We work mainly with MySQL databases and at present do not keep track of revisions to these databases. The problems discussed above pertain mainly to Drupal and Wordpress sites where a good deal of the 'development' is carried out in conjunction with changes made to the database in the CMS.
You put all your database changes in SQL scripts. Put some kind of sequence number into the filename of each script so you know the order they must be run in. Then check in those scripts into your source control system. Now you have reproducible steps that you can apply to test and production databases.
While you could put all your DDL into the VC, this can get very messy very quickly if you try to manage lots and lots of ALTER statements.
Forcing all developers to use the same source database is not a very efficient approach either.
The solution I used was to maintain a file for each database entity specifying how to create the entity (primarily so the changes could be viewed using a diff utility), then manually creating ALTER statements by comparing the release version with the current version - yes, it is rather labour intensive but the only way I've found to solve the problem.
I had a plan to automate the generation of the ALTER statements - it should be relatively straightforward - indeed a quick google found this article and this one. Never got round to implementing one myself since the effort of doing so was much greater than the frequency of schema changes on the projects I was working on.
Where i work, every developer (actually, every development virtual machine) has its own database (or rather, its own schema on a shared Oracle instance). Our working process is based around complete rebuilds. We don't have any ability to modify an existing database - we only ever have the nuclear option of blowing away the whole schema and building from scratch.
We have a little 'drop everything' script, which uses queries on system tables to identify every object in the schema, constructs a pile of SQL to drop them, and runs it. Then we have a stack of DDL files full of CREATE TABLE statements, then we have a stack of XML files containing the initial data for the system, which are loaded by a loading tool. All of this is checked into source control. When a developer does an update from source control, if they see incoming database changes (DDL or data), they run the master build script, which runs them in order to create a fresh database from scratch.
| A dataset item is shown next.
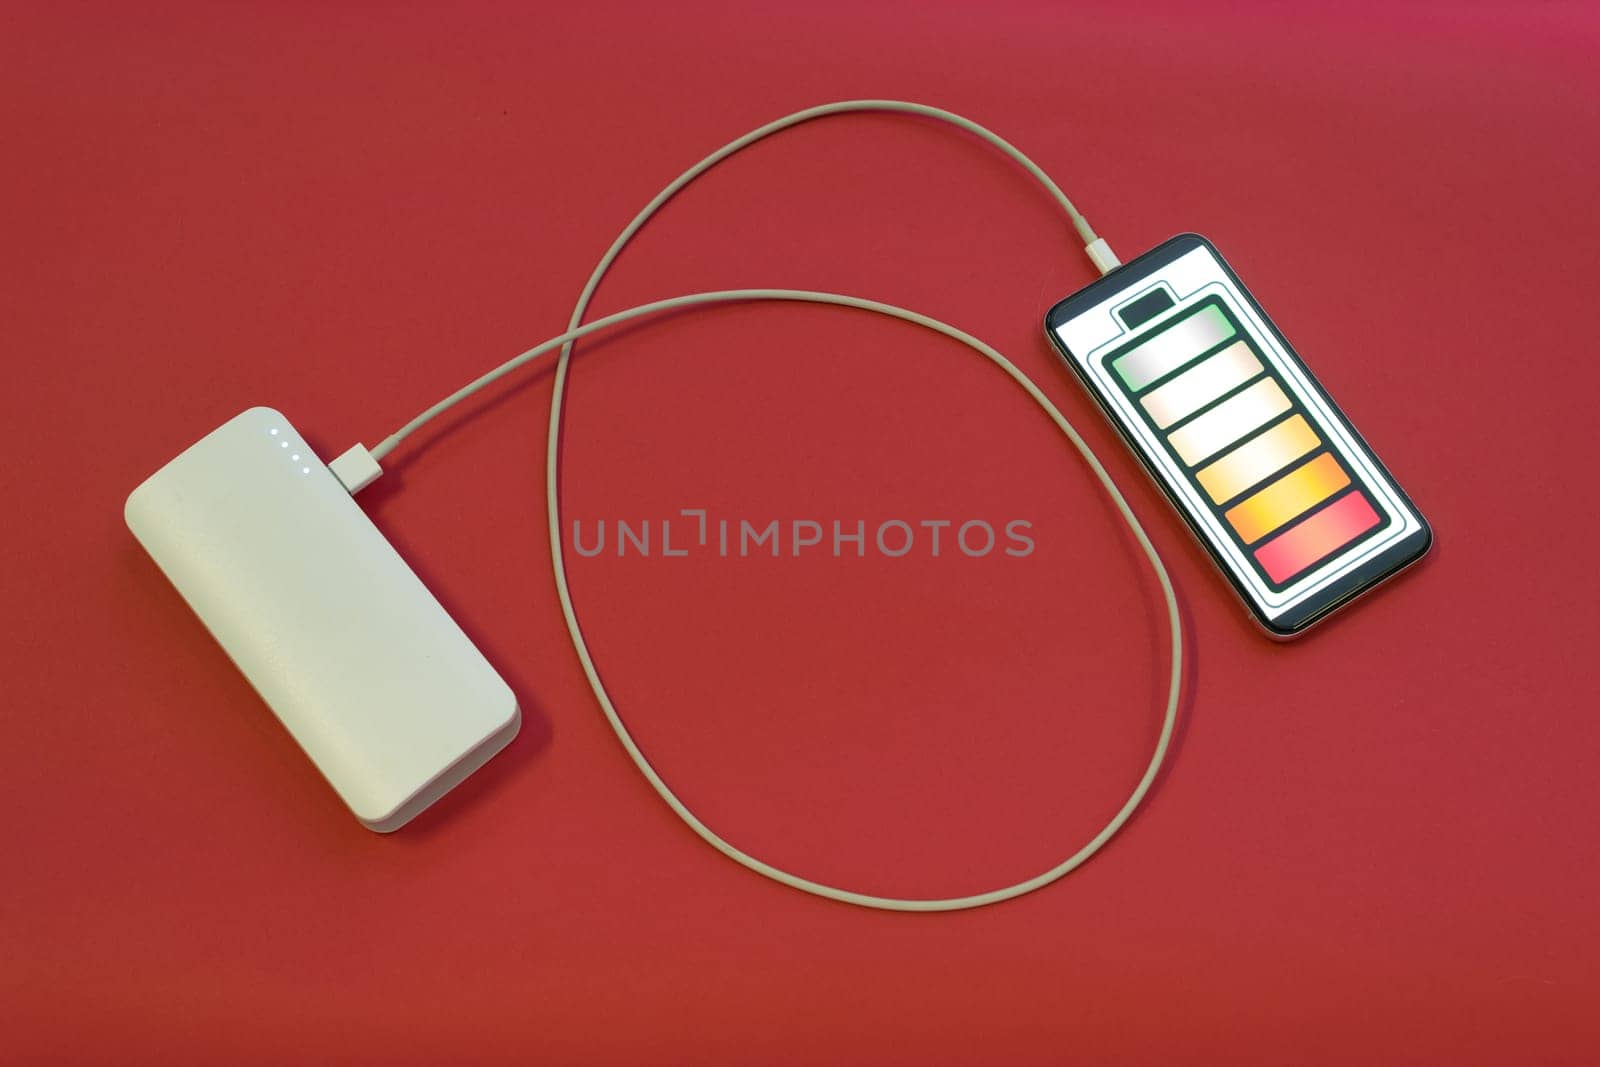 Smartphone is charging with power bank on red background - image

The good thing is that this makes life simple. We never need to worry about diffs, deltas, ALTER TABLE, reversibility, etc, just straightforward DDL and data. We never have to worry about preserving the state of the database, or keeping it clean - you can get back to a clean state at the push of a button. Another important feature of this is that it makes it trivial to set up a new platform - and that means that when we add more development machines, or need to build an acceptance system or whatever, it's easy. I've seen projects fail because they couldn't build new instances from their muddled databases.
The main bad thing is that it takes some time - in our case, due to the particular depressing details of our system, a painfully long time, but i think a team that was really on top of its tools could do a complete rebuild like this in 10 minutes. Half an hour if you have a lot of data. Short enough to be able to do a few times during a working day without killing yourself.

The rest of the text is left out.